# What types of photography are in Demand?



## vinski (Jun 8, 2009)

Curious to see what photography markets are in demand and which are saturated.


----------



## KmH (Jun 8, 2009)

All photography markets are booming......if you've got the right images and sound business practices.

Portrait and Wedding shooters I know are prospering. Commercial shooters I know are prospering. The only market I know of that is iffy is the Art Print market, but it's always that way, feast or famine.

I also know photographers that don't have a lot of business sense that are struggeling. Nothing new there.

Being successful as a photographer is more about how you run your business, than how good your images are.


----------



## skieur (Jun 8, 2009)

Public Relations/Advertising is booming too, particularly related to web sites, organizations, and businesses in the roughly 1 to 10 million value range that are looking to expand.

skieur


----------



## henkelphoto (Jun 9, 2009)

Not all photo markets are booming. At least not still--the photojournalism genre is a dying breed, unless you know video.


----------



## skieur (Jun 16, 2009)

henkelphoto said:


> Not all photo markets are booming. At least not still--the photojournalism genre is a dying breed, unless you know video.

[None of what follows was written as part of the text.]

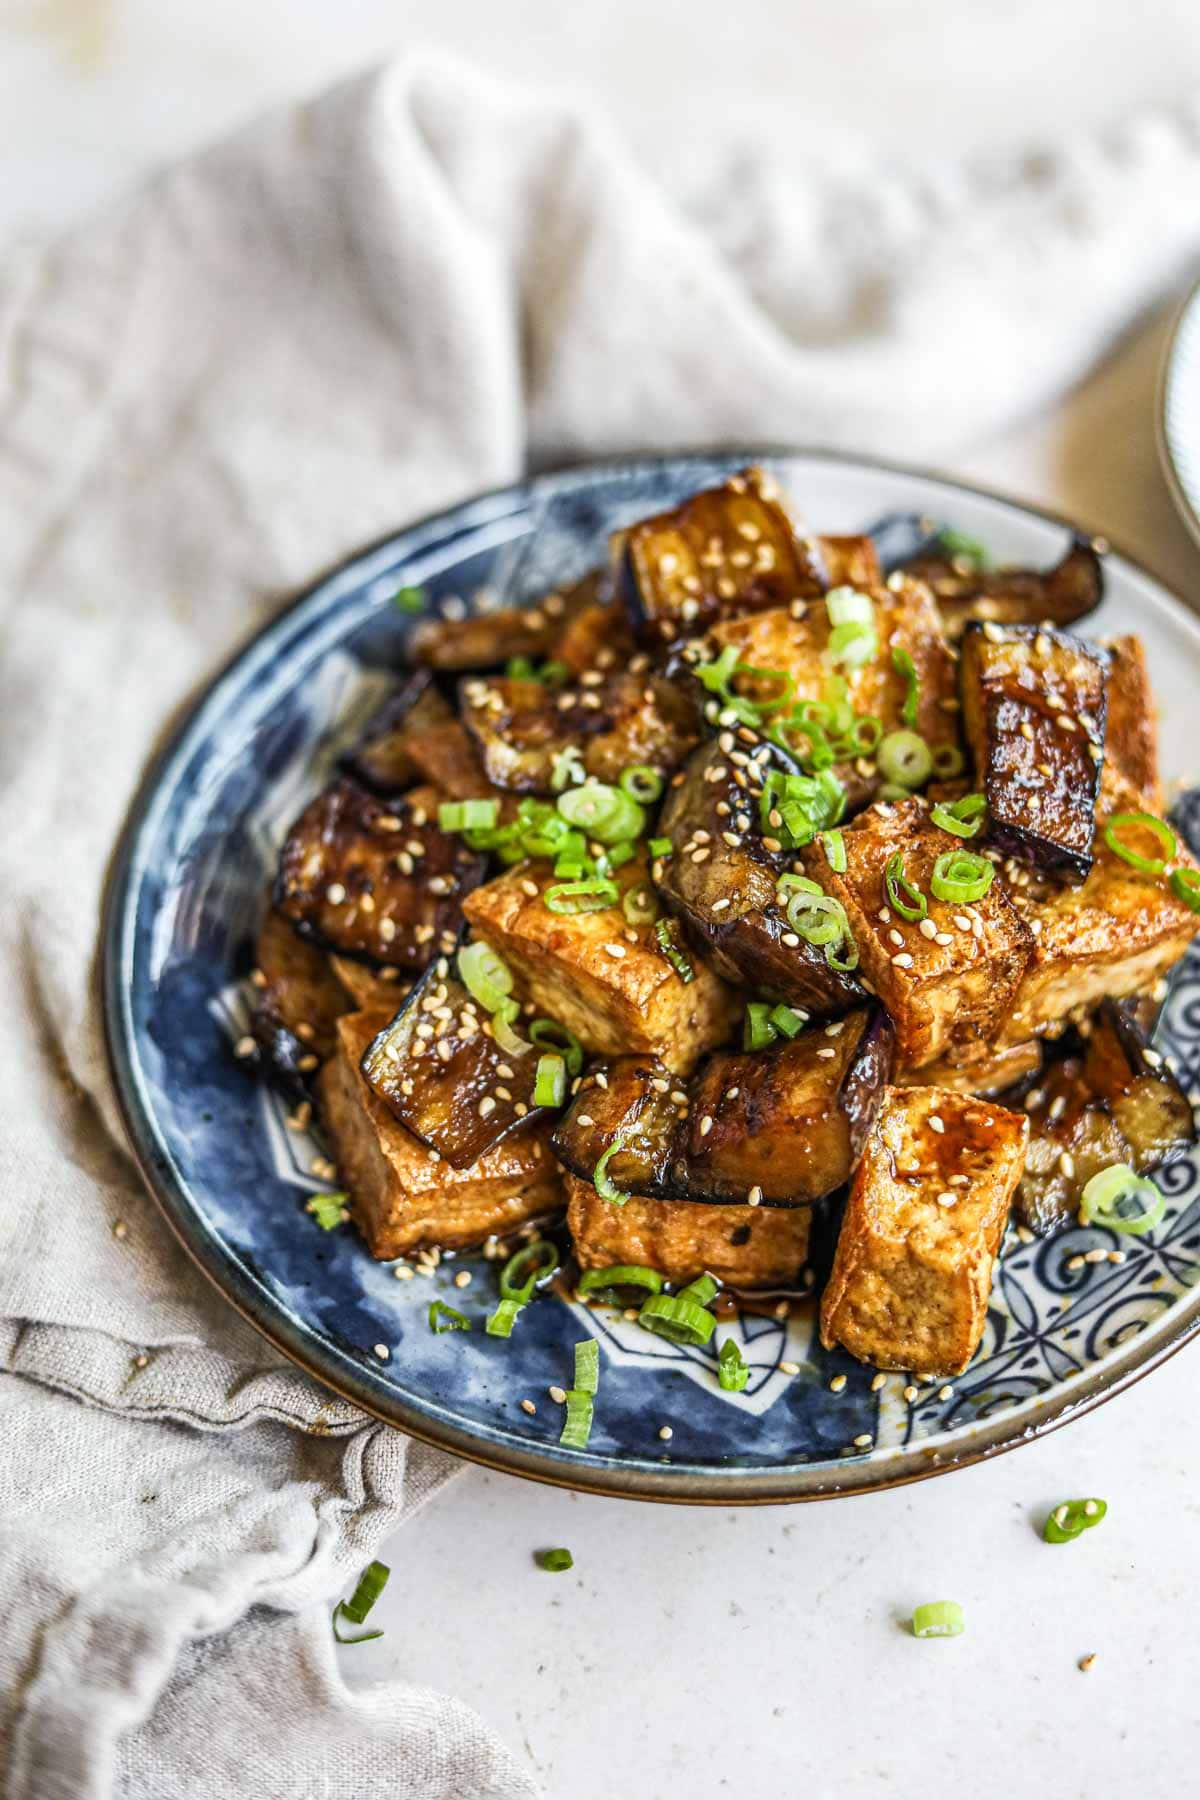 Teriyaki fried tofu and Japanese eggplant in a homemade gluten-free honey teriyaki sauce topped with sliced green onions and sesame seeds on a blue plate.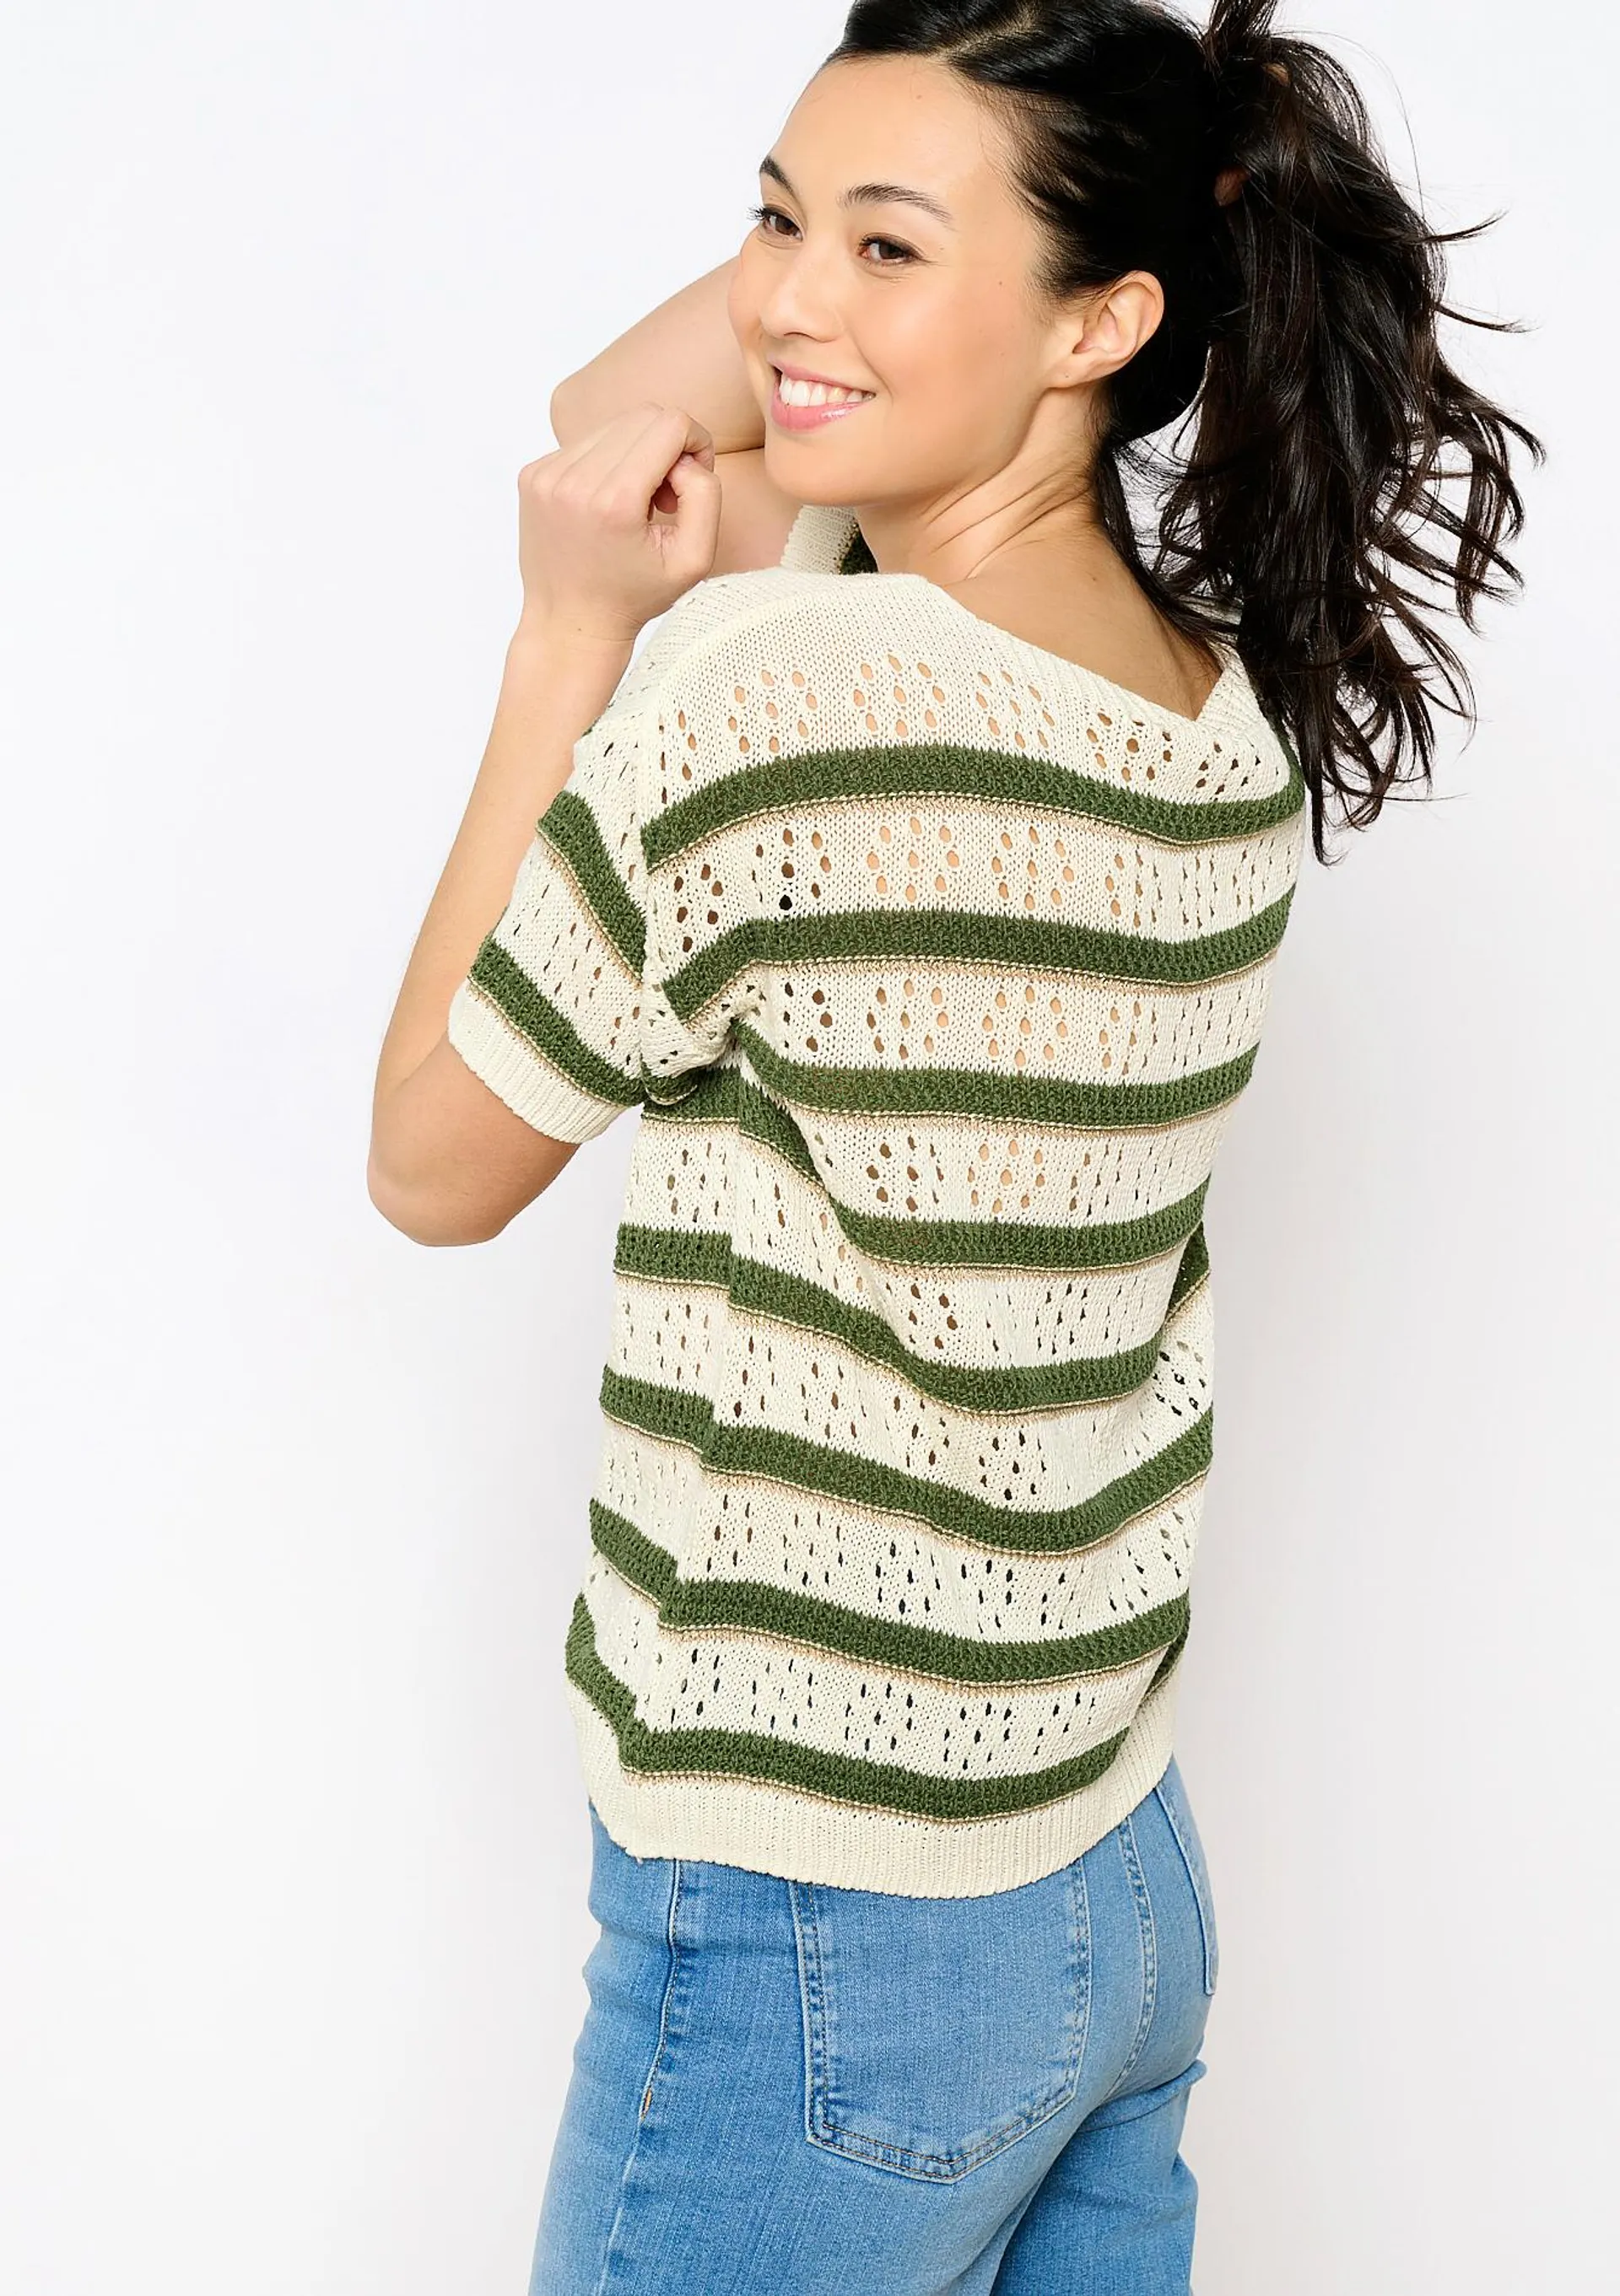 Crocheted pullover with stripes

The photo market has changed somewhat in that strictly taking pictures is at the low end.  It has now progressed into digital  products mixing text, photos, and other design elements even for weddings.  In the corporate sector, writing, scripting, and design also go along with the photography.  Print materials may have to be designed to go with photo package as well.
I didn't think when I started out, that I would ever be presenting to large audiences using complex mixes of still, animation, and video that I produced.

skieur


----------



## PhotoXopher (Jun 16, 2009)

Porn is always in demand.

At least that's what I've heard...

:er:


----------



## guitarkid (Jun 16, 2009)

From what I have heard, and seen, and am involved with, in this economy, most areas are not doing well. I know a lot of people shooting for their own studios or other studios and it's very rough out there. This goes for photo, video, DJ, everyone... I'm talking about weddings. And mostly, it's saturated. People go to best buy, buy a camera and BOOM, they have a biz. Not nearly as many people were doing this in the 80's and 90's until digital came along.  What we have is an over-saturated market of photographers in hard times.


----------



## adamwilliamking (Jun 18, 2009)

N0YZE said:


> Porn is always in demand.
> 
> At least that's what I've heard...
> 
> :er:


 

+ 1


----------



## Omitinibu (Jun 18, 2009)

I think it really depends on your area.. but for the most part there is a little bit of everything in demand just gotta know how to apply yourself and advertise right


----------